DateSelect a date and time (Coordinated Universal Time (UTC)) from when file changes should be excluded from migrations. Files modified on or after the date and time are excluded.

Default exclusions#

Data Migrator automatically applies default exclusions to specific filesystems depending on the platform. For example, Azure Data Lake Storage (ADLS) Gen2 filesystem types have a maximum individual file size limit of 4.55TiB, and any files larger are automatically excluded.

You can remove default exclusions from the migration, but not from the system or the exclusion templates list.

Hadoop Distributed File System (HDFS)#

The default exclusions are:

ExclusionExclusion typeDescription
(/|/.*/)..COPYING$.*Regex (Automata)HDFS copying files
(/|/.*/)\\.hive-staging.*Regex (Automata)Hive staging directories
(/|/.*/)\\.spark-staging-.*Regex (Automata)Spark staging directories
(/|/.*/)_temporary.*Regex (Automata)Spark temporary directories
(/|/.*/)\\.Trash(/.*)?Regex (Automata)HDFS trash directories
(/|/.*/)\\.snapshot(/.*)?Regex (Automata)HDFS Snapshot directories

The Hive or Spark directories are used to stage temporary files during Hive or Spark jobs.

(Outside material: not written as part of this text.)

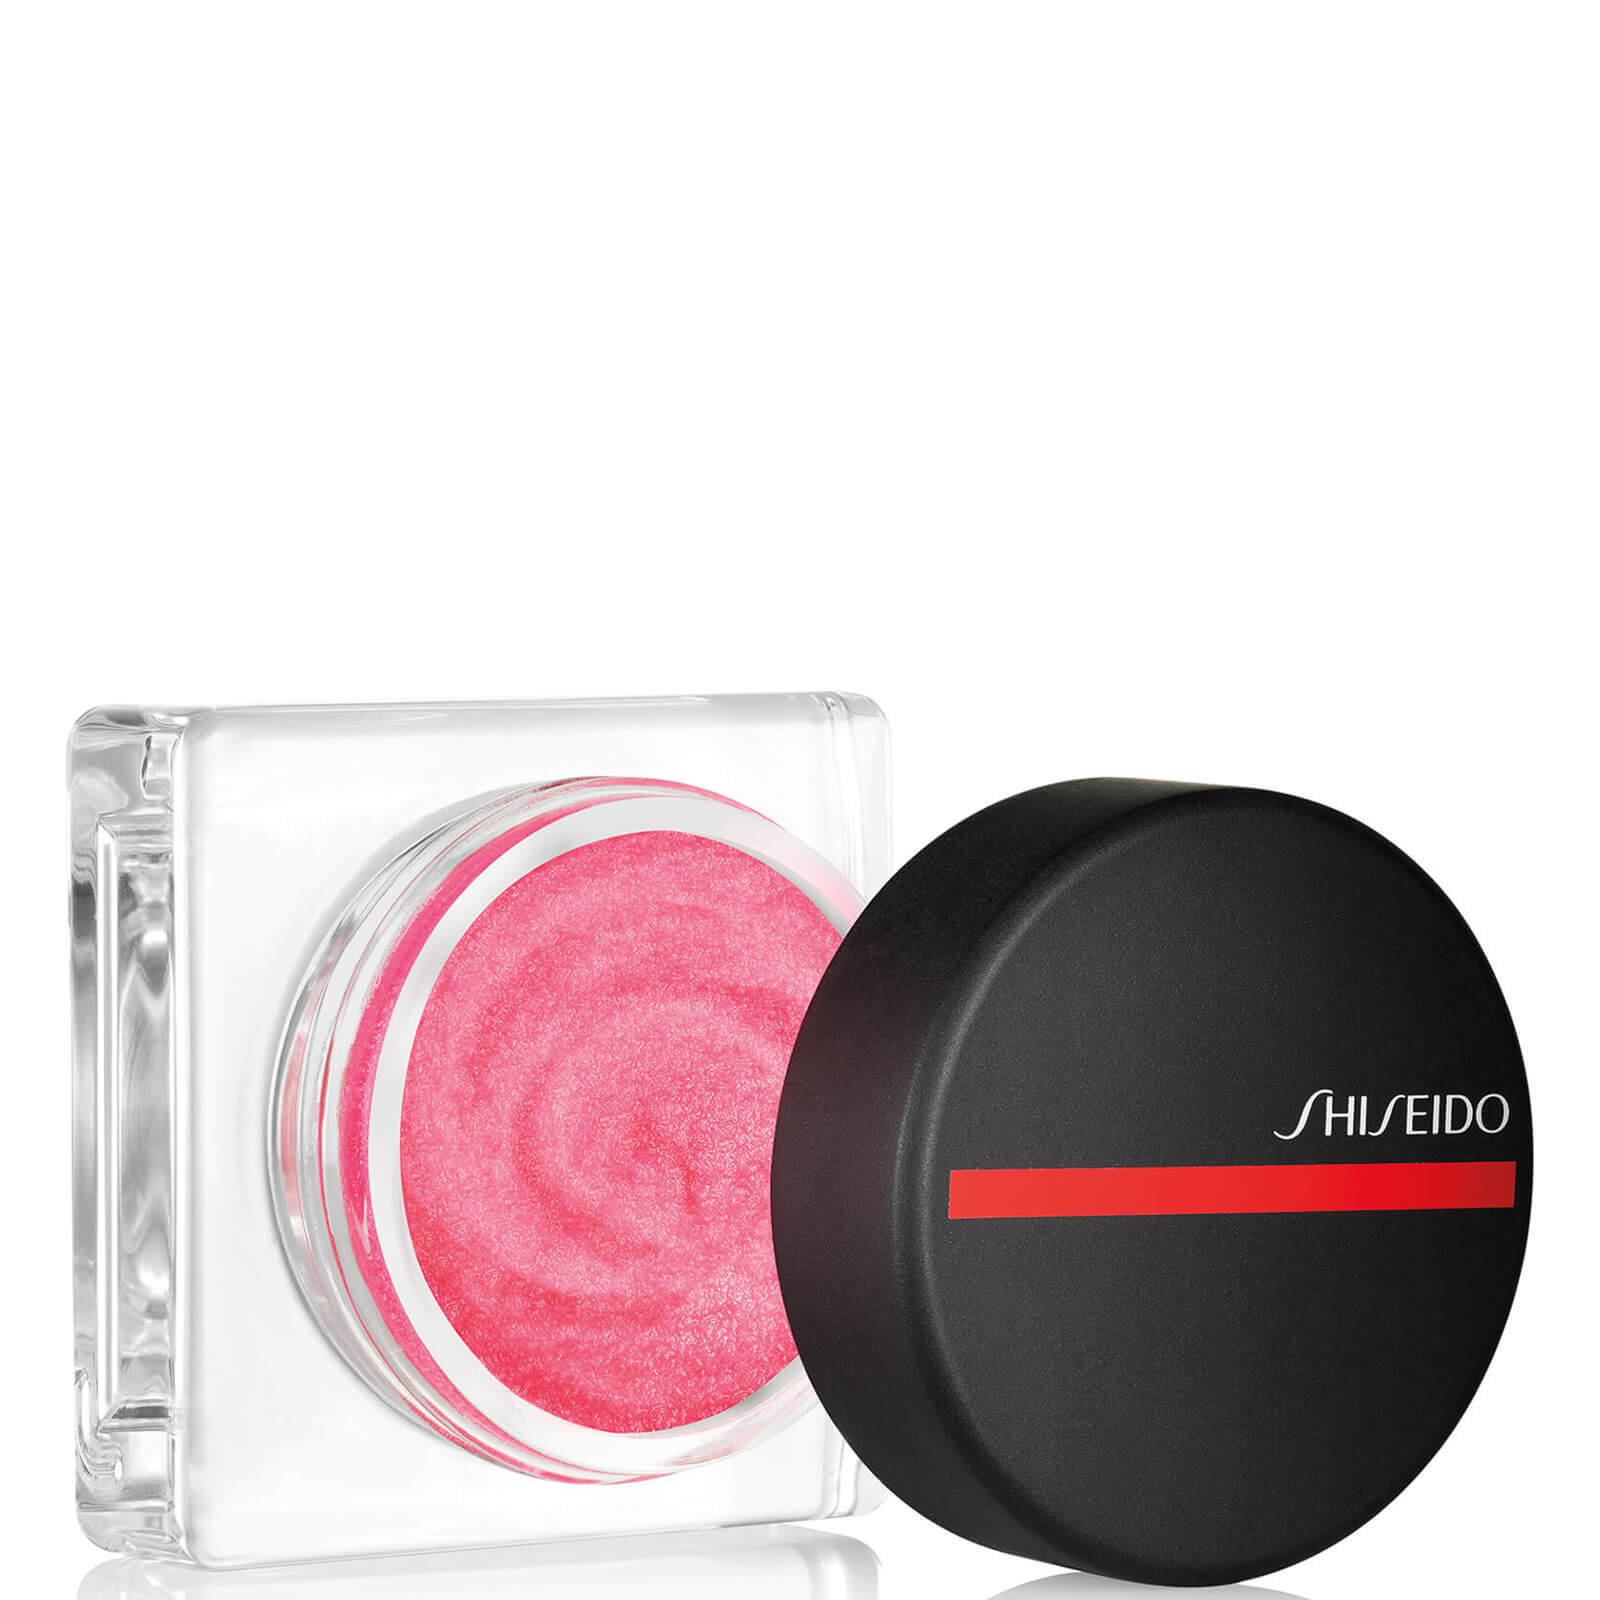 Купить Румяна-вуаль Shiseido Minimalist Whipped Powder Blush (различные оттенки) - Blush Chiyoko 02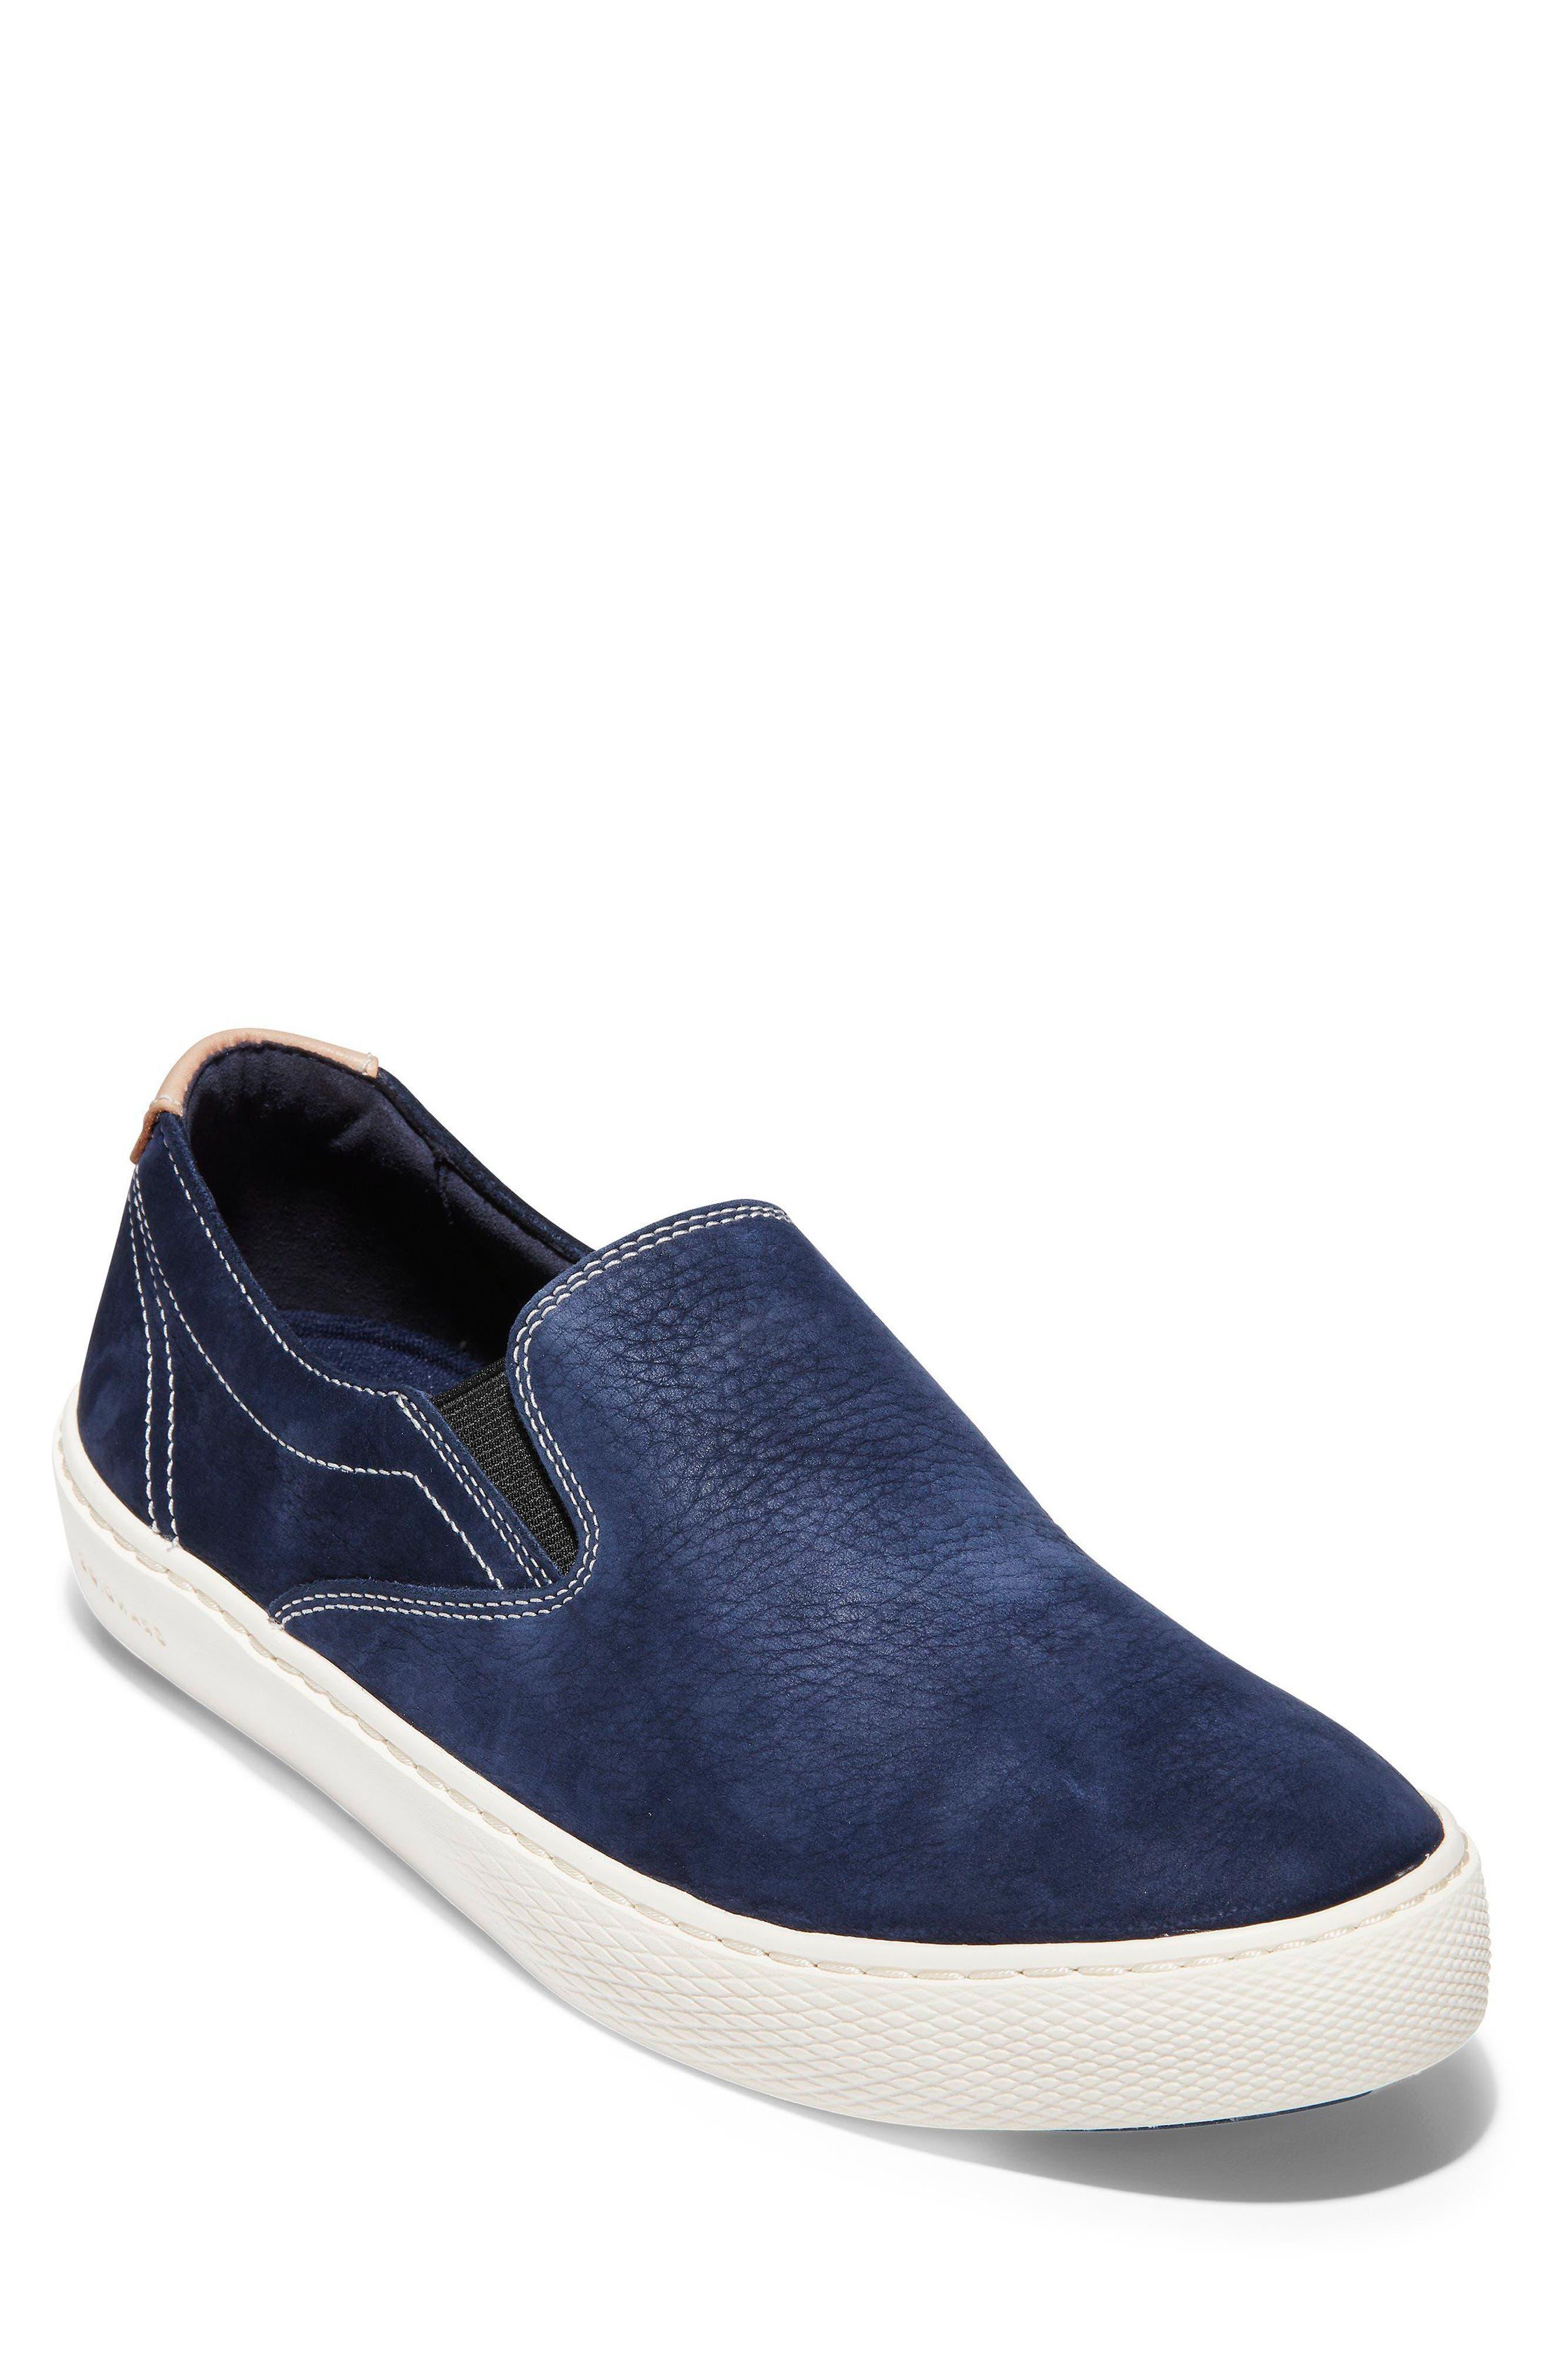 GrandPrø Deck Slip-On Sneaker,                             Main thumbnail 1, color,                             Marine Blue Nubuck

These are automatically deleted by Hive or Spark after use, and are excluded by default to avoid the migration of unnecessary data.

The HDFS Snapshot and trash directories are (generally) only relevant to the local cluster and excluded to avoid migration of unnecessary data.

Azure Data Lake Storage (ADLS) Gen2#

The default exclusions are:

ExclusionExclusion typeDescription
[.|\\/]$Regex (JAVA_PCRE)File names cannot end with . or ' '
.*([^\\/]*\\/){255,}.*Regex (Automata)Blob names cannot exceed 254 path segments
.{1025,}Regex (JAVA_PCRE)File name length cannot exceed 1024
5 TBFile sizeFile size cannot exceed 5TB

These exclusions cover many of the limitations set by ADLS Gen2 directory and file naming rules.

Google Cloud Storage#

The default exclusions are:

ExclusionExclusion typeDescription
.*[\r\n].*Regex (Automata)File name cannot contain carriage return or line feeds
.{1025,}Regex (JAVA_PCRE)File name length cannot exceed 1024
\\.\\.?Regex (Automata)File name cannot be named . or ..
16 TBFile sizeFile size cannot exceed 16TB

These exclusions cover the limitations set by Google Cloud object naming guidelines.

Configure exclusions#

You can define additional exclusions which you can apply to specific migrations to ignore any matching content.

You can configure exclusions with the UI or the CLI.

Configure exclusions with the UI#

Define and assign exclusions to new or existing migrations.

Add new exclusions#

Adding exclusions to an existing migration changes the future actions performed for that migration, but doesn't affect previously migrated content. To add new exclusions:

  1. Under Migrations, select Exclusion Templates.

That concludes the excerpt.